● Aim of the exercise
For this exercise, copy exactly the lines below from the one with "C-Chuan House Restaurant | yathar" through the one with "netter berg mit" and leave out the pictures.

● The data
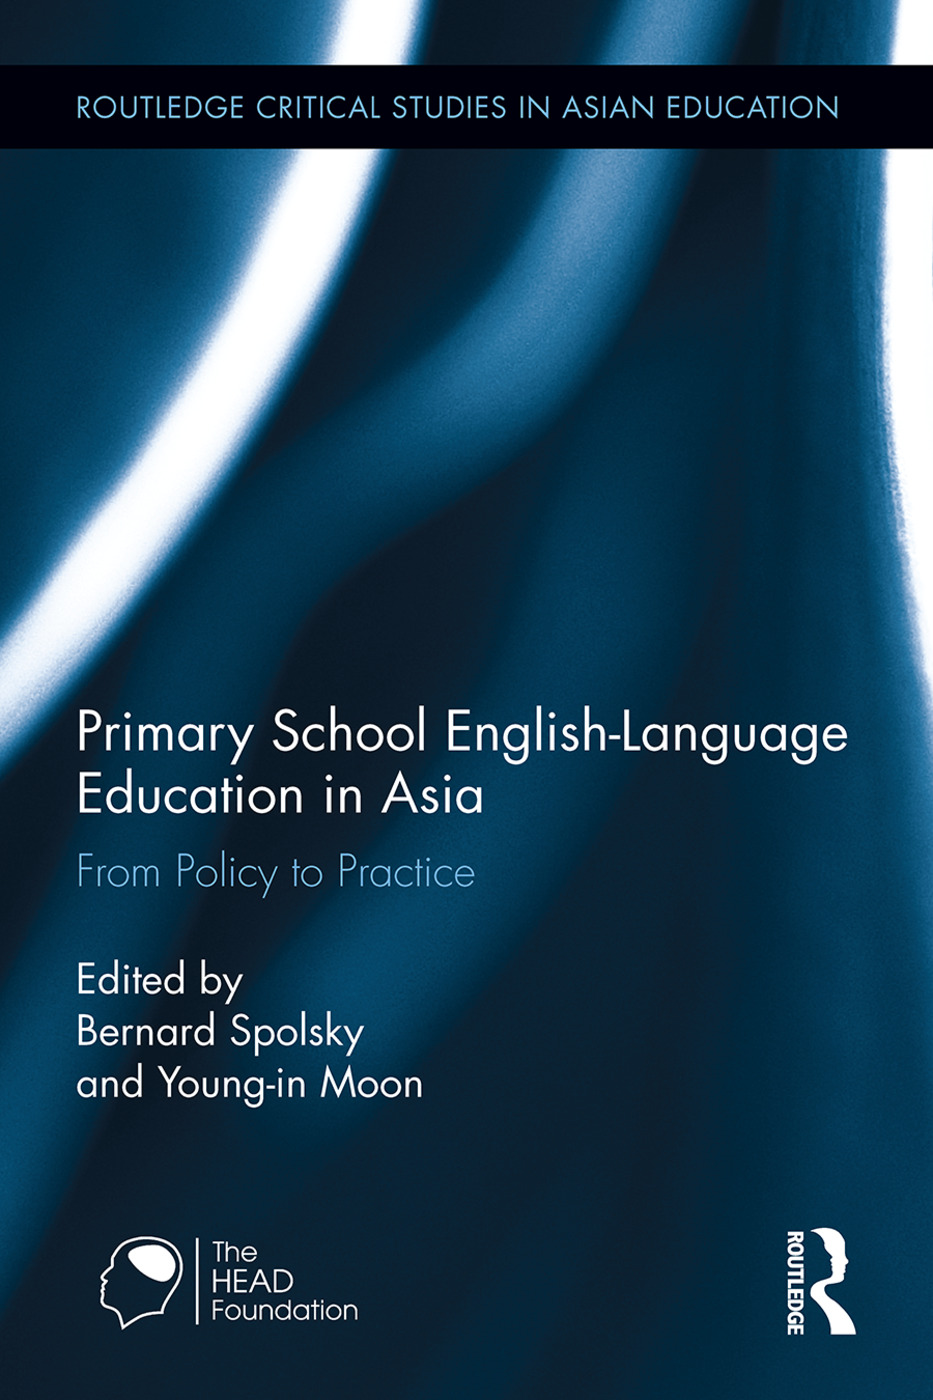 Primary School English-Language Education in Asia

--

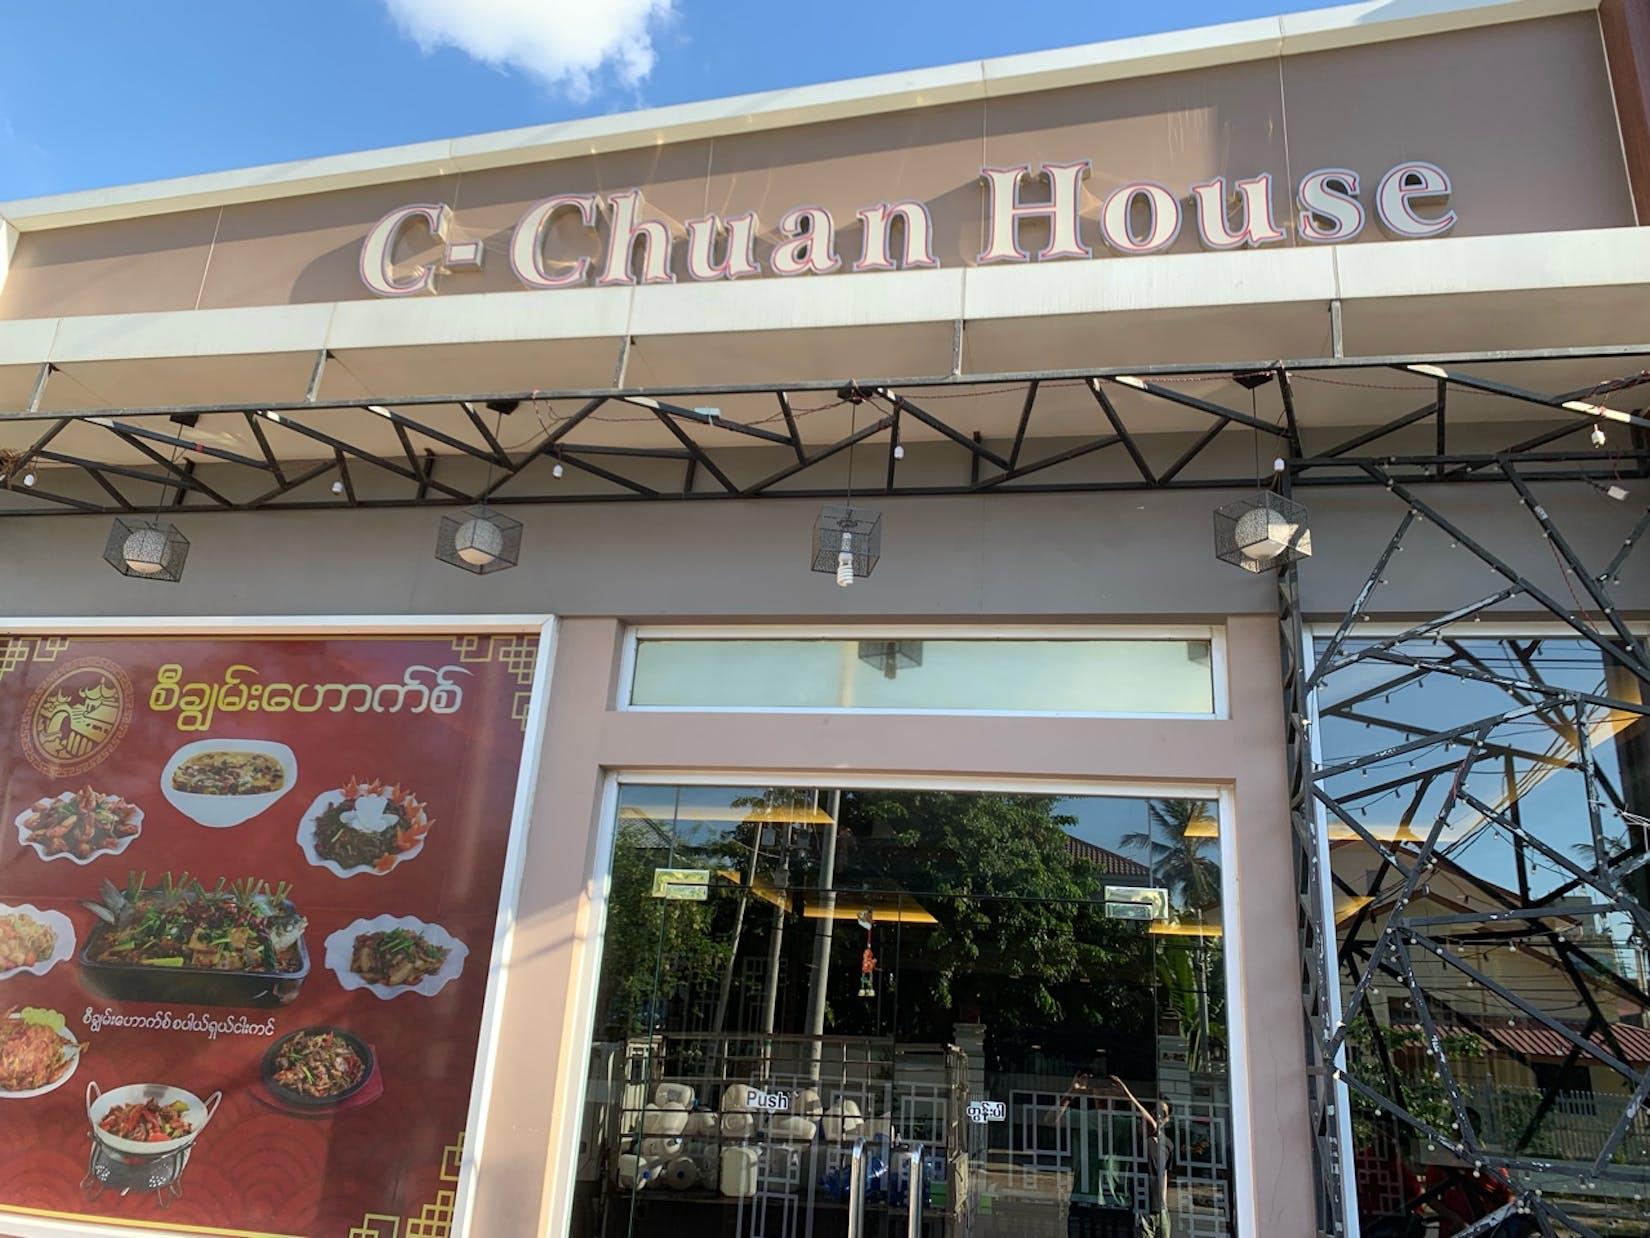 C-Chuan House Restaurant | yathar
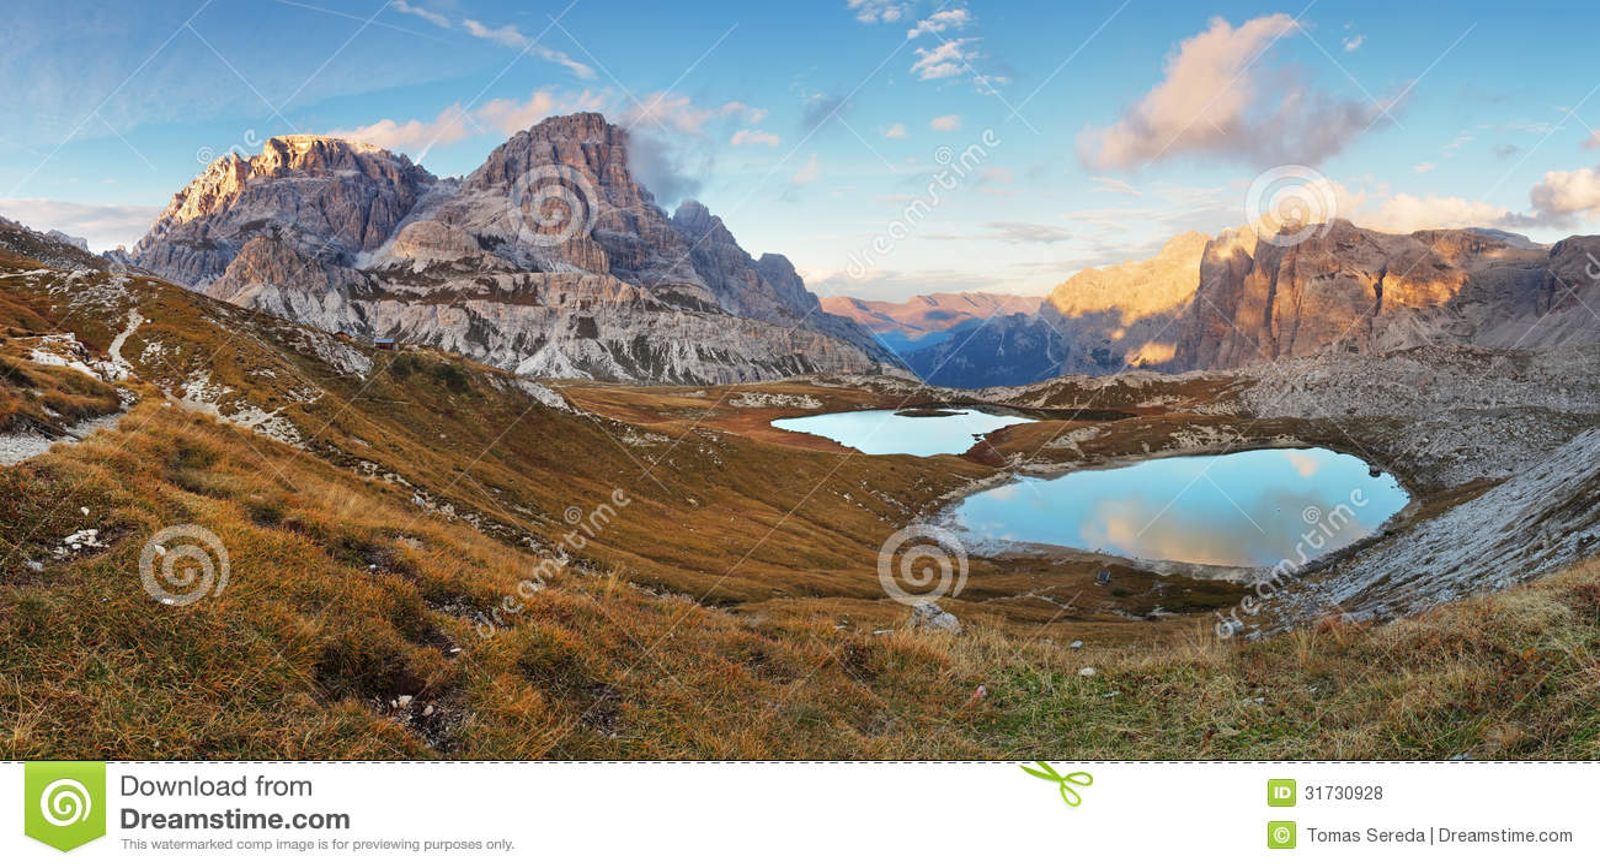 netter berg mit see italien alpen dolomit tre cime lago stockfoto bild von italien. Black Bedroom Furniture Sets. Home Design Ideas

● Output of the exercise
 C-Chuan House Restaurant | yathar
 netter berg mit see italien alpen dolomit tre cime lago stockfoto bild von italien. Black Bedroom Furniture Sets. Home Design Ideas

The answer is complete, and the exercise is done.